[Records from a dataset]
- Opening Delimiter -
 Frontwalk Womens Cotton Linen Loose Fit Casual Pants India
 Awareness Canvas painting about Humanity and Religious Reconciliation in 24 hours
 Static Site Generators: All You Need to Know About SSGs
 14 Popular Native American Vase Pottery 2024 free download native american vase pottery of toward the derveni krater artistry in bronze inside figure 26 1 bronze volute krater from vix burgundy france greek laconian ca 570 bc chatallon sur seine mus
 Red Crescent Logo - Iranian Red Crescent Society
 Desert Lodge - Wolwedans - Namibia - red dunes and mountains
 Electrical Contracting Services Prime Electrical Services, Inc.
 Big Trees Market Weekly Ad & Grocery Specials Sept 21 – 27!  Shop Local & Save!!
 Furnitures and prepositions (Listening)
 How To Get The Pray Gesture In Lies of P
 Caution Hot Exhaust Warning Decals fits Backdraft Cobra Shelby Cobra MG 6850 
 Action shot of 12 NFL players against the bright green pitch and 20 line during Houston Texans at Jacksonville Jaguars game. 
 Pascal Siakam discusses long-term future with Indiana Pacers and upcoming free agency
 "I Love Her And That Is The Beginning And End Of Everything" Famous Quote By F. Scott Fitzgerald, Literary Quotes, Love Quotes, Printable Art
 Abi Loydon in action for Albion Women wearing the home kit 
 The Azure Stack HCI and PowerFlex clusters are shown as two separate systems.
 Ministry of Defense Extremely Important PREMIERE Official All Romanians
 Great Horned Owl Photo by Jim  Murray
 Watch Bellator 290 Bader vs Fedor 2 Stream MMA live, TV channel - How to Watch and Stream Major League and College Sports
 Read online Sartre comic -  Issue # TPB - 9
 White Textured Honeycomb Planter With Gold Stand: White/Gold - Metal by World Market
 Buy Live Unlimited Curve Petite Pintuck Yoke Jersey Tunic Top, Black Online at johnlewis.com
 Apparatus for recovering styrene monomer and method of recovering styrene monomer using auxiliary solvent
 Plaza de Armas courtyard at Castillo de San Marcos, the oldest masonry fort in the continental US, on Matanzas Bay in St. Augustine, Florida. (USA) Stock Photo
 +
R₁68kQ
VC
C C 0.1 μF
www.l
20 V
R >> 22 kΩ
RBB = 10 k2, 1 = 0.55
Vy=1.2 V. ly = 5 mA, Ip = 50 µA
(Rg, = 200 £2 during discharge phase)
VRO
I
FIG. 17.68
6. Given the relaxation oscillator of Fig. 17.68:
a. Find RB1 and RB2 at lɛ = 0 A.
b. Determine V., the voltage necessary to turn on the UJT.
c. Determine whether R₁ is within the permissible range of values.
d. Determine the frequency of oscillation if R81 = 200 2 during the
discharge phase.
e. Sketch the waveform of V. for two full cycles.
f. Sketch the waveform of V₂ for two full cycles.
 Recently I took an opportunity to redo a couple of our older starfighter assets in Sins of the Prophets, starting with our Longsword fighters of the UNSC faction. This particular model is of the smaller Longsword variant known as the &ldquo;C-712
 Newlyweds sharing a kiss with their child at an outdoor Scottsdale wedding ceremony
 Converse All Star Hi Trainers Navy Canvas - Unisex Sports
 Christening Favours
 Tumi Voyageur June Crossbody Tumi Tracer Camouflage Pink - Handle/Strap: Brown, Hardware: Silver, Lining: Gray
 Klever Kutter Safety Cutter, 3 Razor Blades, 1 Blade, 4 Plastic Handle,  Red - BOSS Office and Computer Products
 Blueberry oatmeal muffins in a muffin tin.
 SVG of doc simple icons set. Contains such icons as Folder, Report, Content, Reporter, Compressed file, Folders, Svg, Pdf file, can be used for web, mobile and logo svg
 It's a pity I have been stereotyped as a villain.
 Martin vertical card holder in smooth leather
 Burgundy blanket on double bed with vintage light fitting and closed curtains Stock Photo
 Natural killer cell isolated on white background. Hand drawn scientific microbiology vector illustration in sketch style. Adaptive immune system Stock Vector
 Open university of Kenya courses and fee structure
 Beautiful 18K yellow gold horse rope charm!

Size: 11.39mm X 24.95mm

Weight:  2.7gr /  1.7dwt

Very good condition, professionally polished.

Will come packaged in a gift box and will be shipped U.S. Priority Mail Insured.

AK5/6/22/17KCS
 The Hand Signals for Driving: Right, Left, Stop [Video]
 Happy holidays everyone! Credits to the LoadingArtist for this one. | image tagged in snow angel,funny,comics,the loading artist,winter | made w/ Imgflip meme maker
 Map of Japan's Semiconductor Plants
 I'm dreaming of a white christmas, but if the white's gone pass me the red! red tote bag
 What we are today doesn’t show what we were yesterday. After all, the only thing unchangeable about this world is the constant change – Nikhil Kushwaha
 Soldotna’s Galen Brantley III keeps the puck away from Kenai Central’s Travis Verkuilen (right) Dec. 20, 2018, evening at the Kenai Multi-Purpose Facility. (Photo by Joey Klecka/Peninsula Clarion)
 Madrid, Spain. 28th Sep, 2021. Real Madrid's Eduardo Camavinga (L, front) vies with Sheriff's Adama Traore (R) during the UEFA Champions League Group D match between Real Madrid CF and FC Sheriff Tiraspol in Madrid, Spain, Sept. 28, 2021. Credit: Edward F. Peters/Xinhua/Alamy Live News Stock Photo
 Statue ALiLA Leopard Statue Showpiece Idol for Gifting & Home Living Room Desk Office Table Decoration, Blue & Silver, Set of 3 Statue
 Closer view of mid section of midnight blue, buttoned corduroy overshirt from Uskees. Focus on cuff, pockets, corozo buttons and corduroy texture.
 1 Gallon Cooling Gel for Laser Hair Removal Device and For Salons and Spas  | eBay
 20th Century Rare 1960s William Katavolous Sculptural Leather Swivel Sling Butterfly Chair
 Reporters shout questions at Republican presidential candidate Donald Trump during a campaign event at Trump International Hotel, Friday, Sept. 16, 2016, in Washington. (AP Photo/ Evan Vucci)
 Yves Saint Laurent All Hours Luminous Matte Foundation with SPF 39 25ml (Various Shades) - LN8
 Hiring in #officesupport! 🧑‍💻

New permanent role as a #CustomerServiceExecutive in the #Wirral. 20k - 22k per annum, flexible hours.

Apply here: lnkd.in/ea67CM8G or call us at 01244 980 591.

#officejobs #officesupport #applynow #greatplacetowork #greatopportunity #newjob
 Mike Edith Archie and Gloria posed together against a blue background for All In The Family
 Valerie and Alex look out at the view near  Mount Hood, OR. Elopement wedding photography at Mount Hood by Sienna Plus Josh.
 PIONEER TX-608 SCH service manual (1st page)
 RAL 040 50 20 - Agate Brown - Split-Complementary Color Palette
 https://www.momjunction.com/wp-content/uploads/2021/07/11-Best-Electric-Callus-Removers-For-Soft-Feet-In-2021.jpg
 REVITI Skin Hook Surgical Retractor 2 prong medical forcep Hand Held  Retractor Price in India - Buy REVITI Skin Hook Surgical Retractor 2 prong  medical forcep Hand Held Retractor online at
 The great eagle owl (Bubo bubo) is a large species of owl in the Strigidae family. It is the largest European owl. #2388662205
- Closing Delimiter -
● **Exercise**
Scan the lines above for "Red Crescent Logo" and for "The Azure Stack". Repeat exactly the line holding each of them and every line in between.

● **Response to this task**
 Red Crescent Logo - Iranian Red Crescent Society
 Desert Lodge - Wolwedans - Namibia - red dunes and mountains
 Electrical Contracting Services Prime Electrical Services, Inc.
 Big Trees Market Weekly Ad & Grocery Specials Sept 21 – 27!  Shop Local & Save!!
 Furnitures and prepositions (Listening)
 How To Get The Pray Gesture In Lies of P
 Caution Hot Exhaust Warning Decals fits Backdraft Cobra Shelby Cobra MG 6850 
 Action shot of 12 NFL players against the bright green pitch and 20 line during Houston Texans at Jacksonville Jaguars game. 
 Pascal Siakam discusses long-term future with Indiana Pacers and upcoming free agency
 "I Love Her And That Is The Beginning And End Of Everything" Famous Quote By F. Scott Fitzgerald, Literary Quotes, Love Quotes, Printable Art
 Abi Loydon in action for Albion Women wearing the home kit 
 The Azure Stack HCI and PowerFlex clusters are shown as two separate systems.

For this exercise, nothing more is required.